I have been a fan of Walthers Mainline for a while. I just received three 40 ft box cars the other day. I noticed problems with the walkways on the top of the cars. It appears they are glued on and the glue was not done correctly so the walkways were coming off. These are brand new releases which disappointed me. Depending on the era you are running, you might consider Kadee freight cars (especially the box cars-both 40 ft and 50 ft). No glue is used on them and they are beautifully detailed. They cost more, so I buy them one or two at a time. I have accumulated 40 over the last 15 years. I just pre-ordered the RF&P 40 ft box car due out in May.


----------



## santafewillie (Feb 13, 2016)

First of all, welcome to the forum.
Most of the Walthers Mainline products that I have seen, are too early for my era, but I do have a few of the Evans boxcars. I haven't had quality issues like Phillip but I also don't have roofwalks on mine. Every one that I have I had to do a little fine-tuning on to make it up to my standards for rolling stock. Minor things like reaming the trucks with the truck tuner, adding weight, etc. The wheels are too shiny for me and I use "Blacken It" on them. If you have the time for assembling kits, try Accurail. The price is right, the detailing is better but you still have to add metal wheels and KD couplers; although the Accumate couplers are usually workable for a while. LifeLike cars can be made into decent looking/running models with a little work. Using them for practice is good. 
Willie


----------



## CTValleyRR (Jul 26, 2014)

Welcome to the hobby and the forums!

I have never bought a bum product with the Walthers name on it (although technically LifeLike is Walthers). Even their trainline stuff is good. The only things I would really stay away from is Tyco, LifeLike (locos and rolling stock), and Model Power (although since they were just acquired by MRC, that may change, too).

This is a hobby where it's tough to say "this brand is the best". Generally, when you pay more for a model, you're paying for details and finish quality, not manufacturing quality.

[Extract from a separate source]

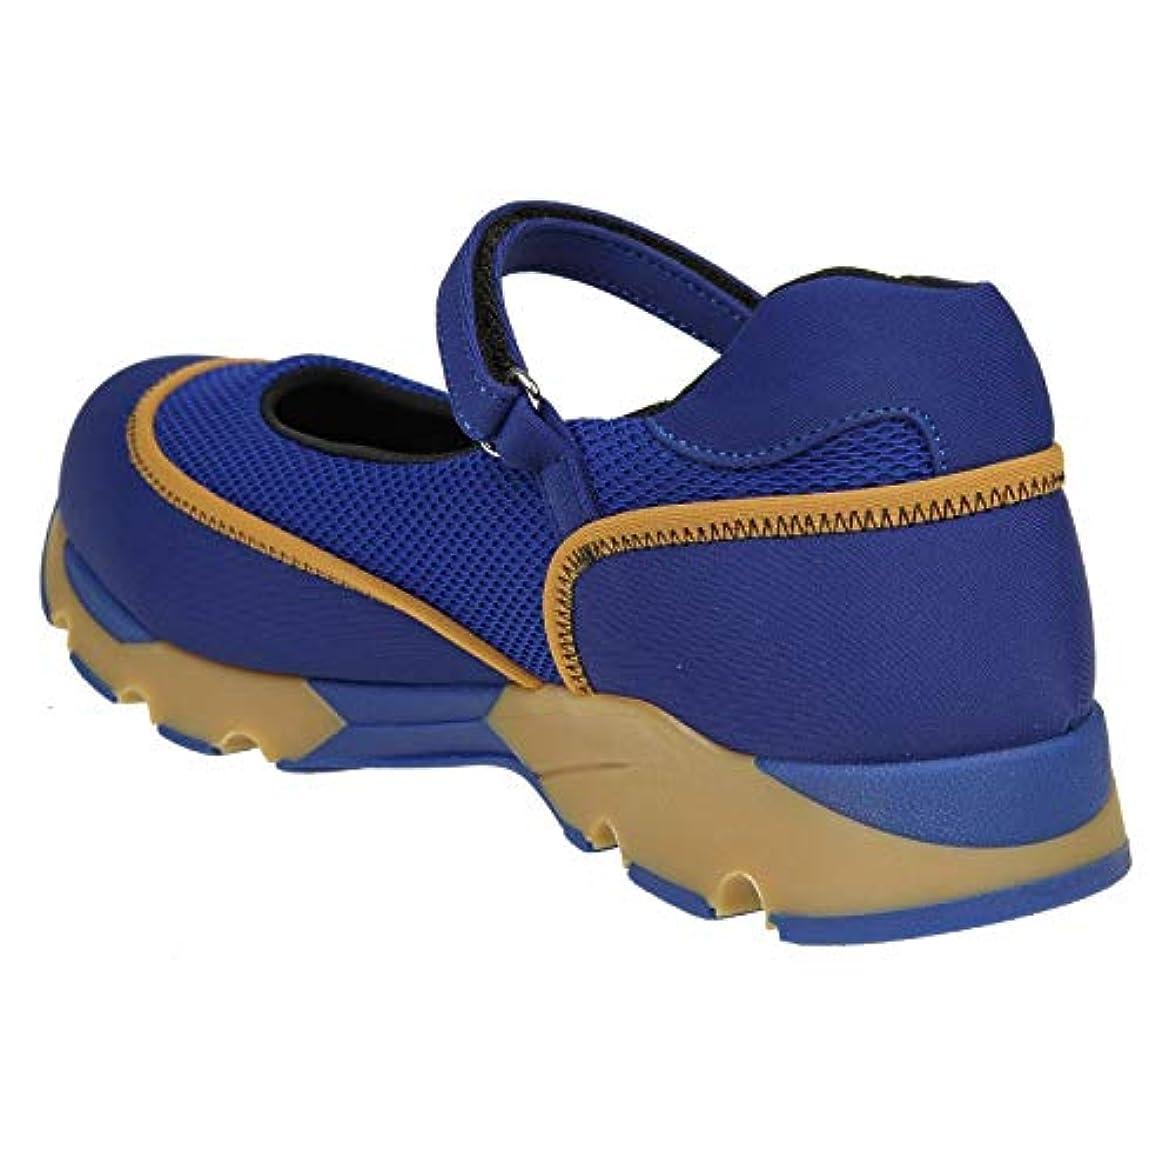 Marni Sneakers Donna Snzw000103tcr8600b59 Poliestere Blu
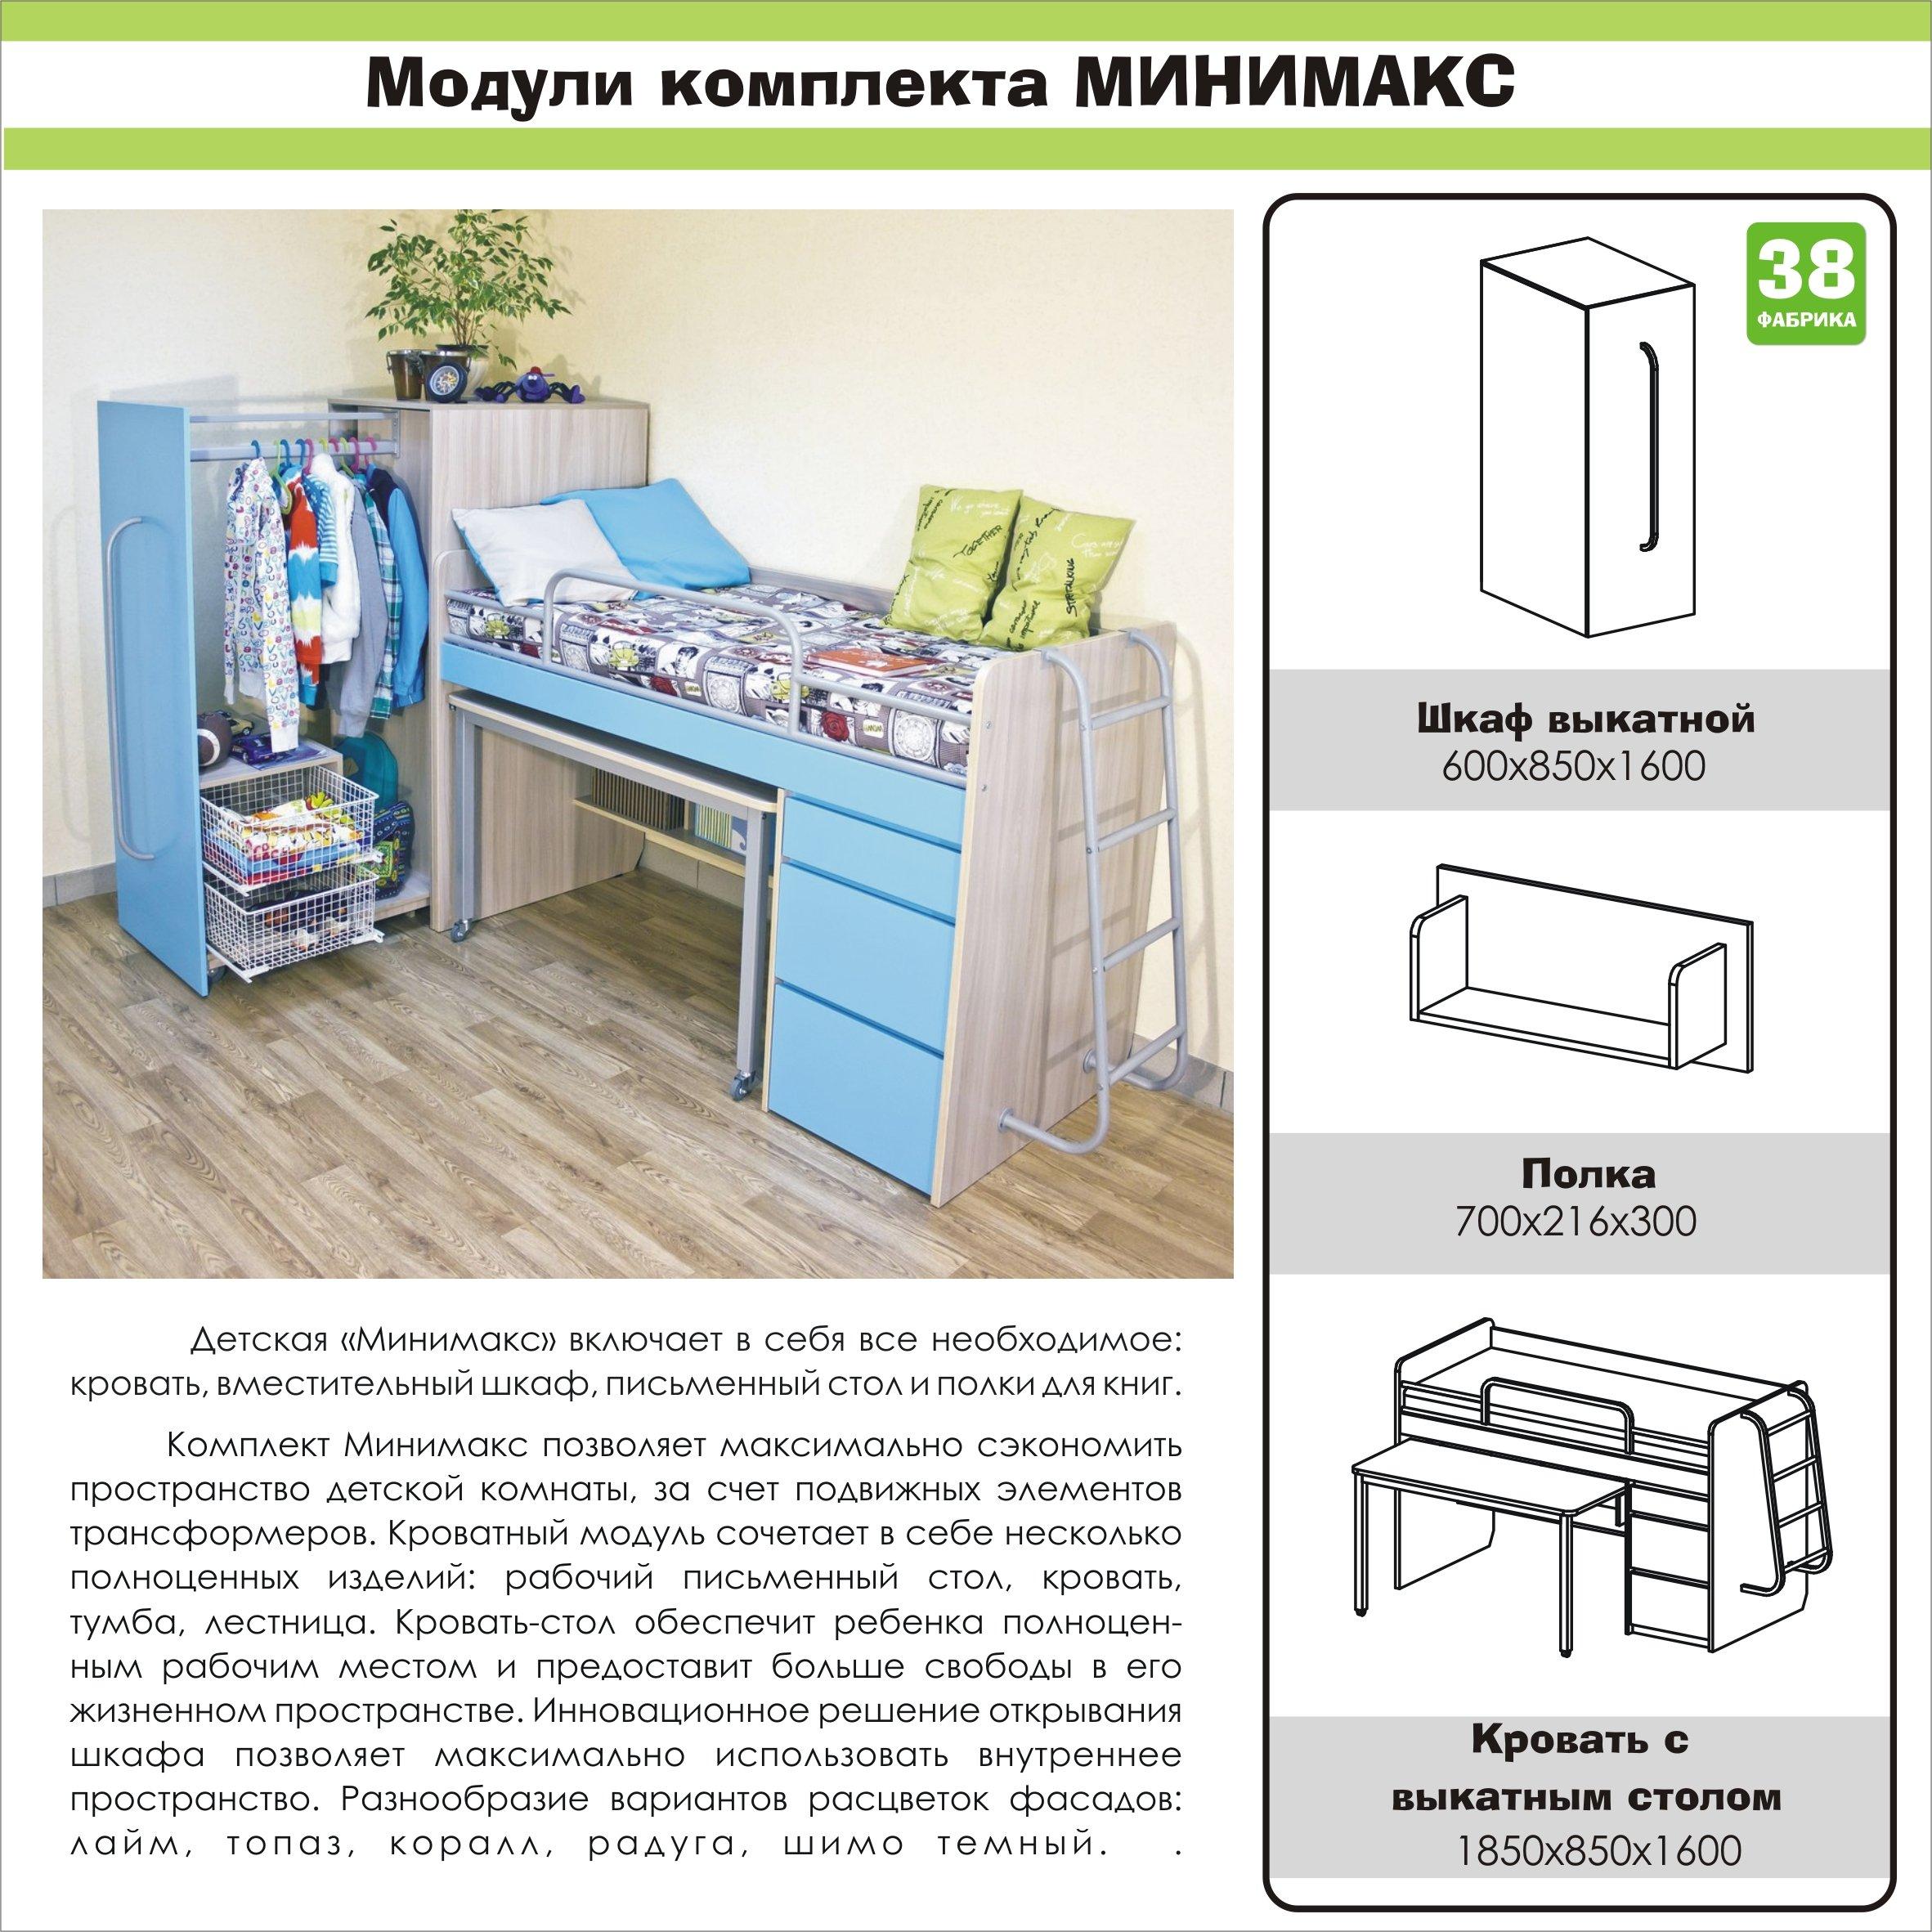 http://online-magazin-mebeli.ru/images/upload/Минимакс%20листовкастр.%202-1.jpg

One other thing though. With a 4x8 and presumably 18" curves, stay away fromanything longer than about 55 scale feet, as it just won't run well or look good in that tight space.


----------



## mopac (Feb 24, 2011)

Those old lifelike and tyco cars can be made into nice runners fairly easy.
Cut coupler mount off the truck, add body mount couplers, change out the plastic wheels for metal wheels, add some weight, and you will have fine running cars. If you want,
change the trucks to accurail trucks. About a buck a pair.


----------



## CTValleyRR (Jul 26, 2014)

mopac said:


> Those old lifelike and tyco cars can be made into nice runners fairly easy.
> Cut coupler mount off the truck, add body mount couplers, change out the plastic wheels for metal wheels, add some weight, and you will have fine running cars. If you want,
> change the trucks to accurail trucks. About a buck a pair.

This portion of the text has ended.